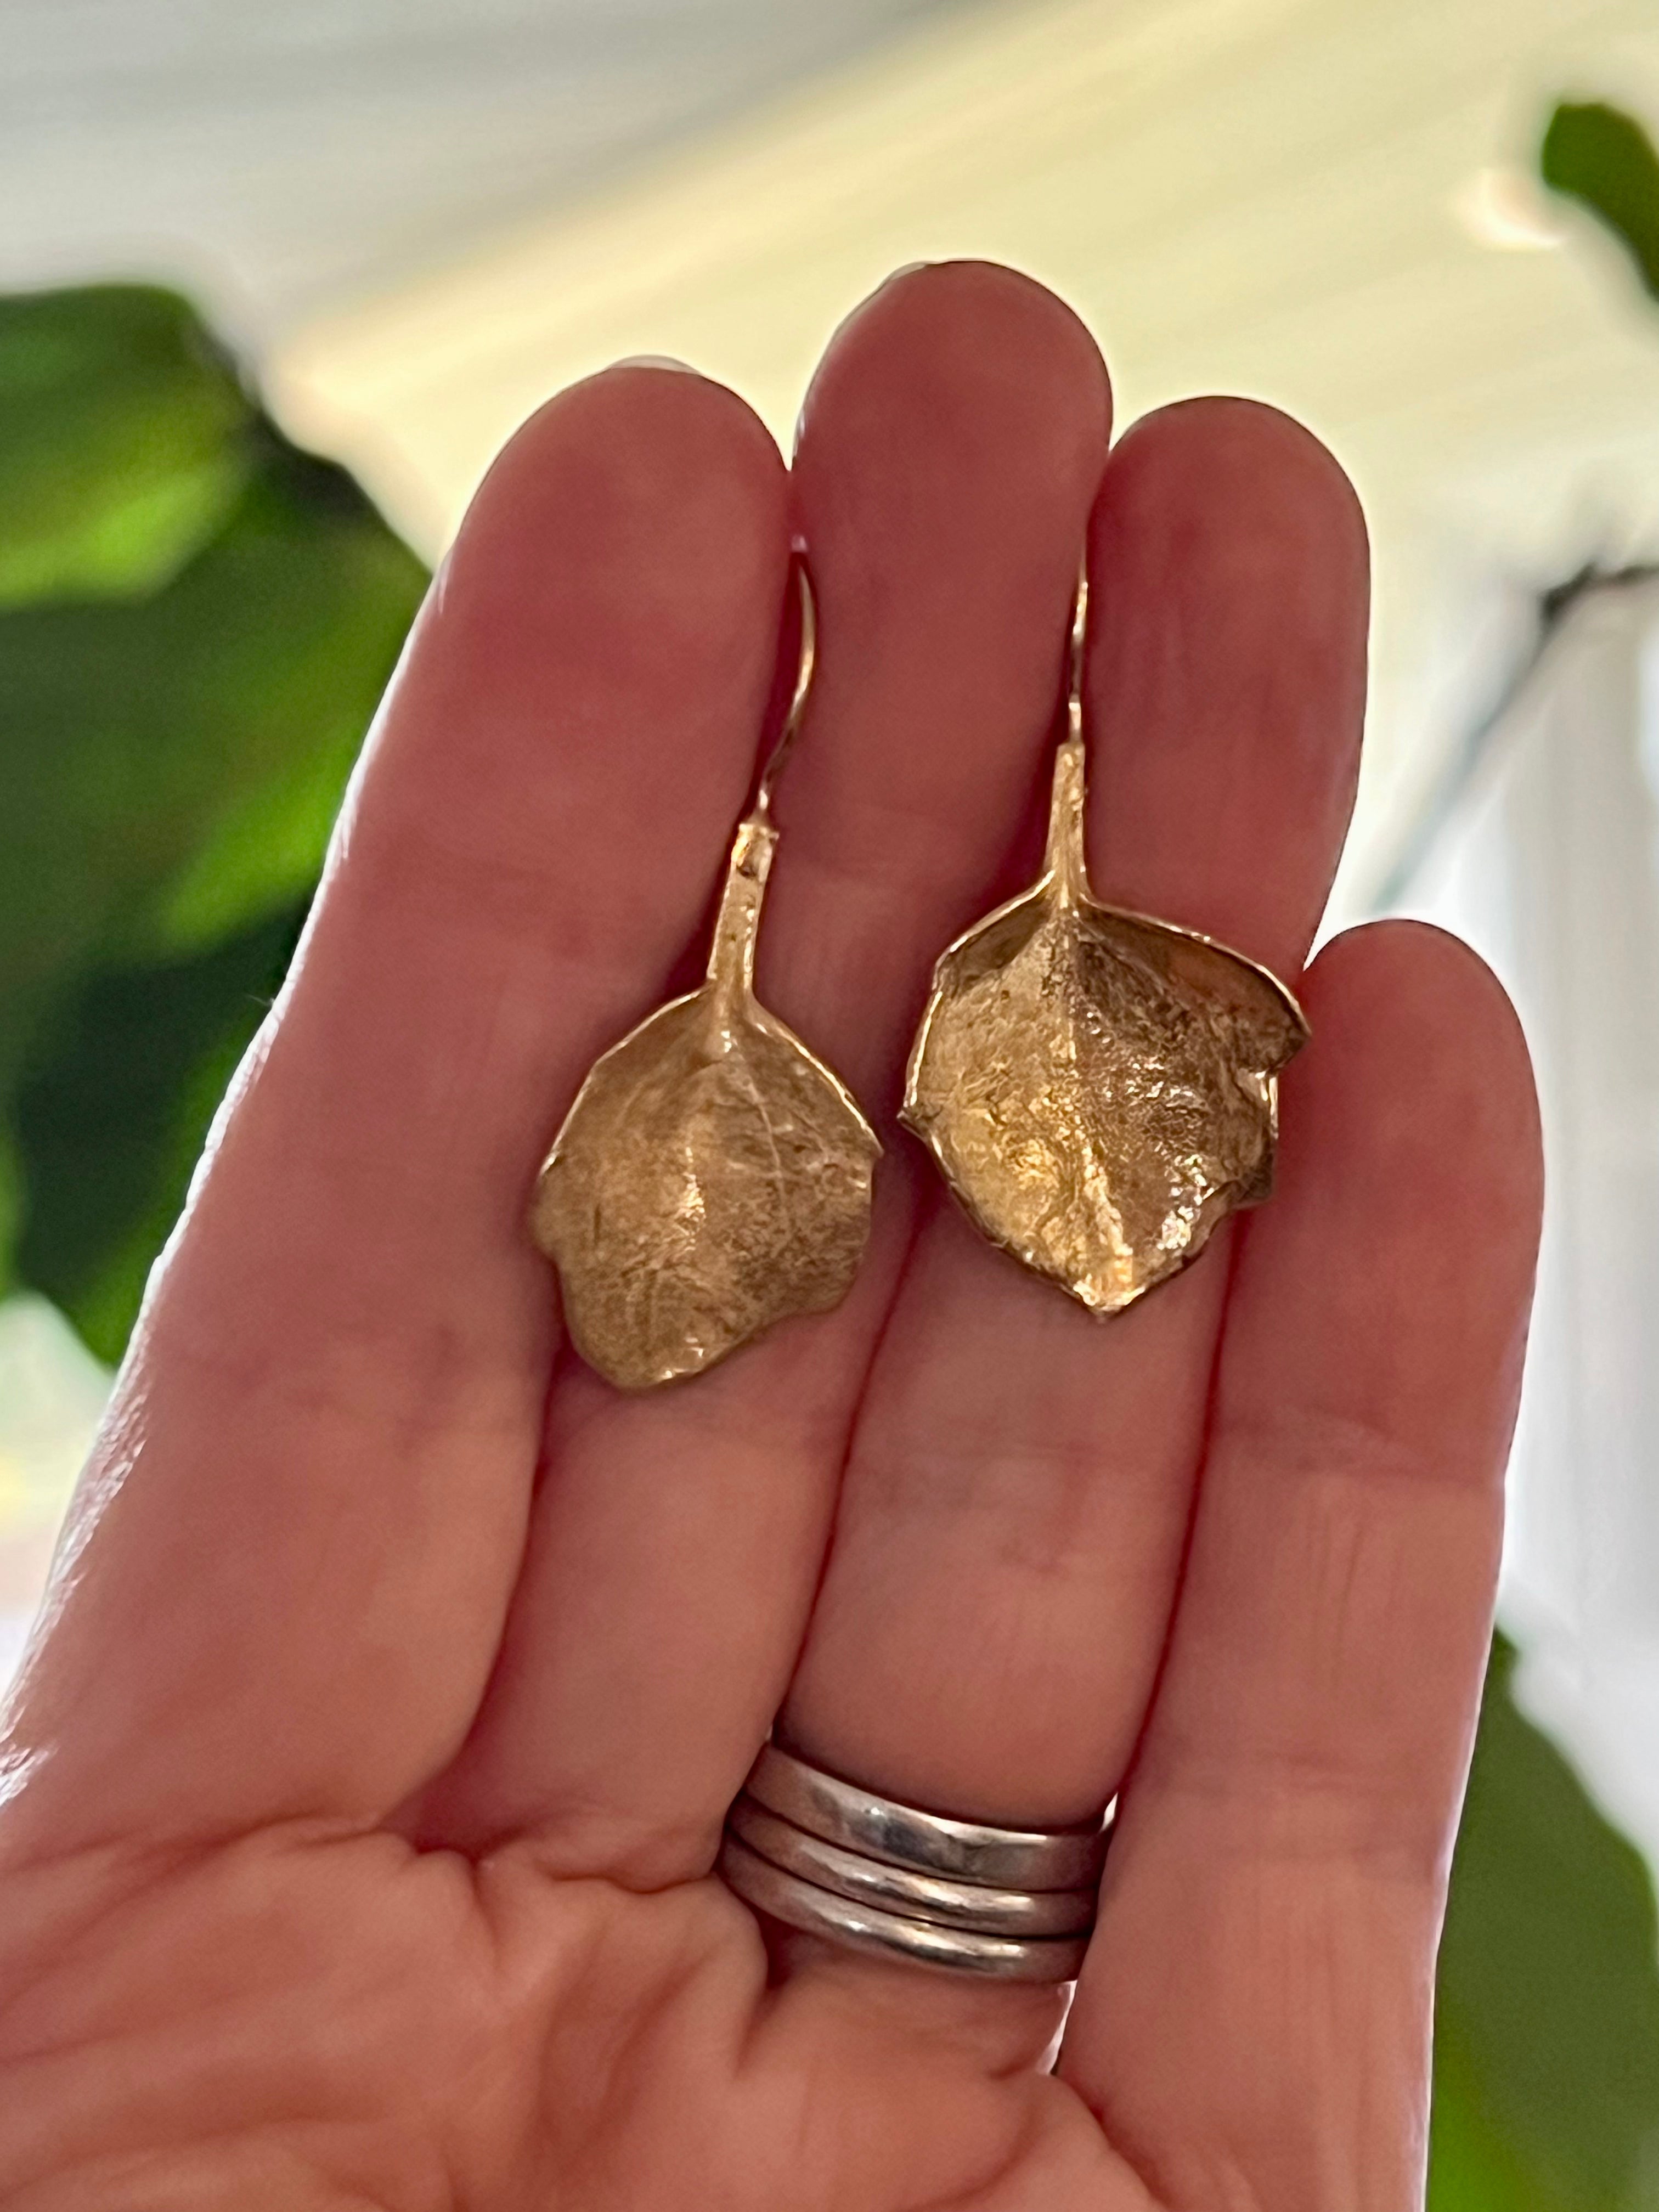 Botanical earrings - in the garden vine leaf - gold
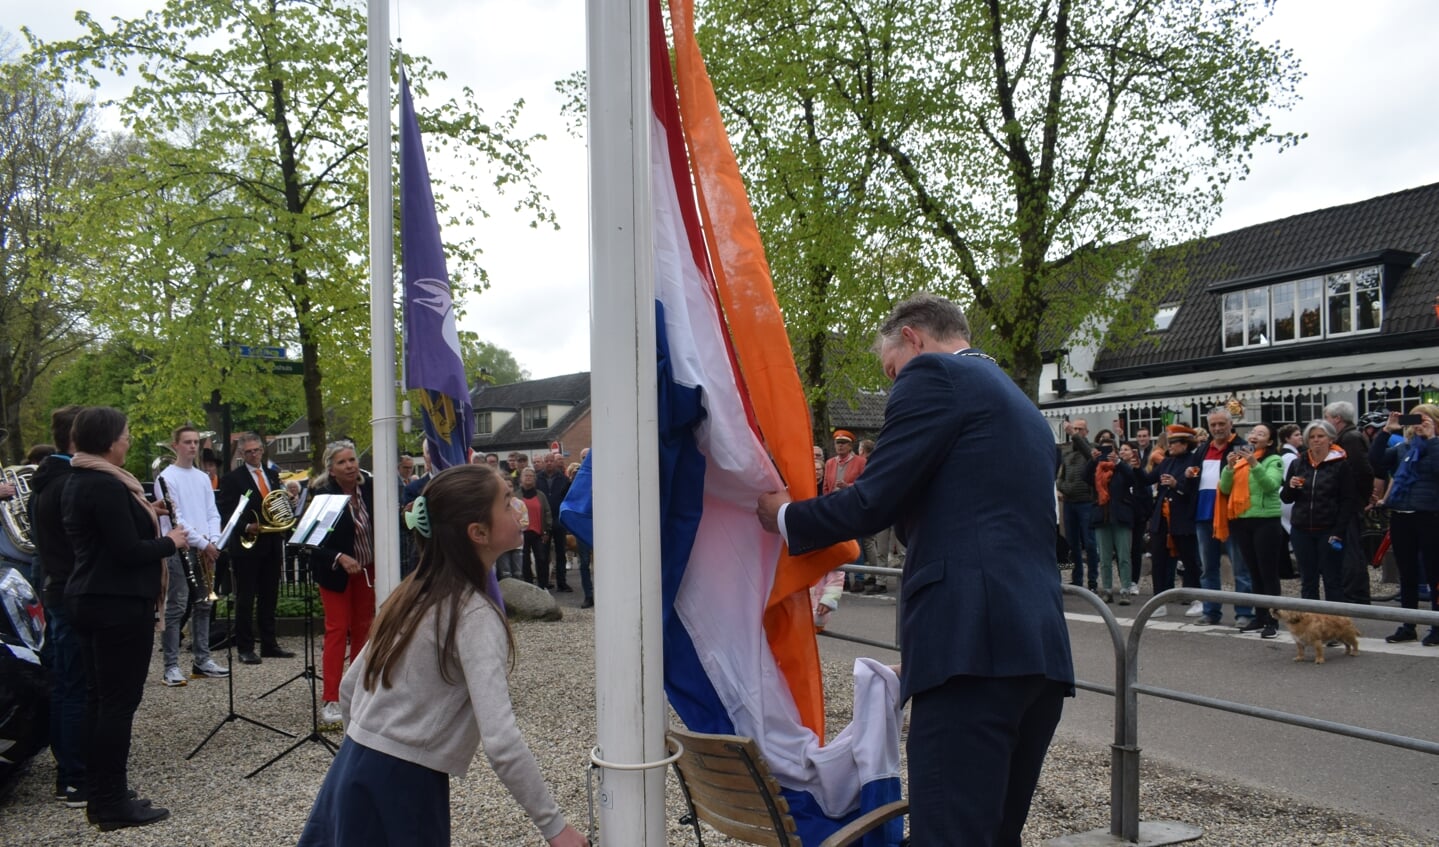 Burgemeesters Feline van der Velden en Mark Röell hijsen de Nederlandse vlag.
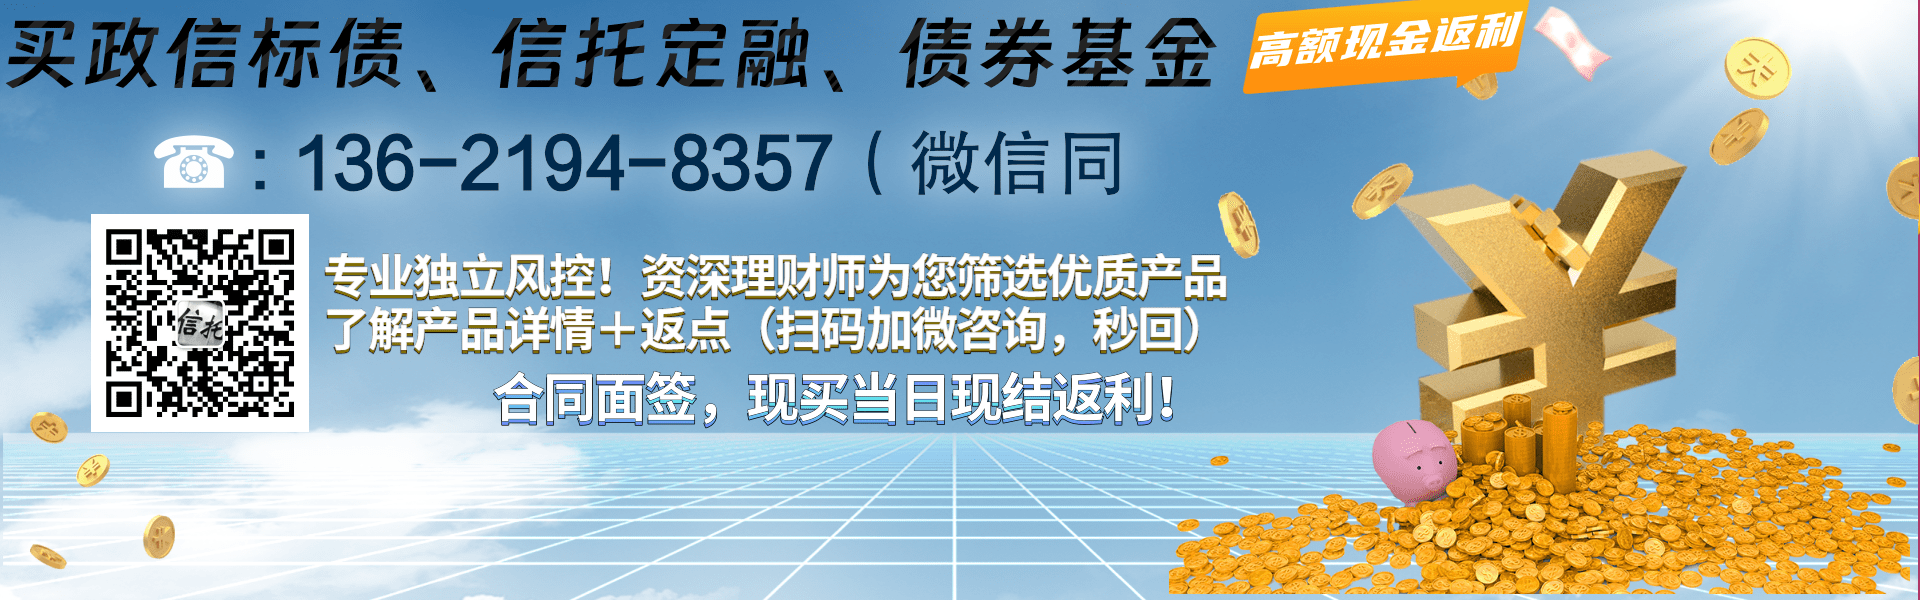 央企信托-70号陕西咸阳公募债券集合信托计划

• _WHAT YOU NEED TO DO_:
The reply should contain all of the data above, word for word, with no pictures.

• _RESPONSE_:
 Botanical earrings - in the garden vine leaf - gold
 Burgemeesters Feline van der Velden en Mark Röell hijsen de Nederlandse vlag.
 央企信托-70号陕西咸阳公募债券集合信托计划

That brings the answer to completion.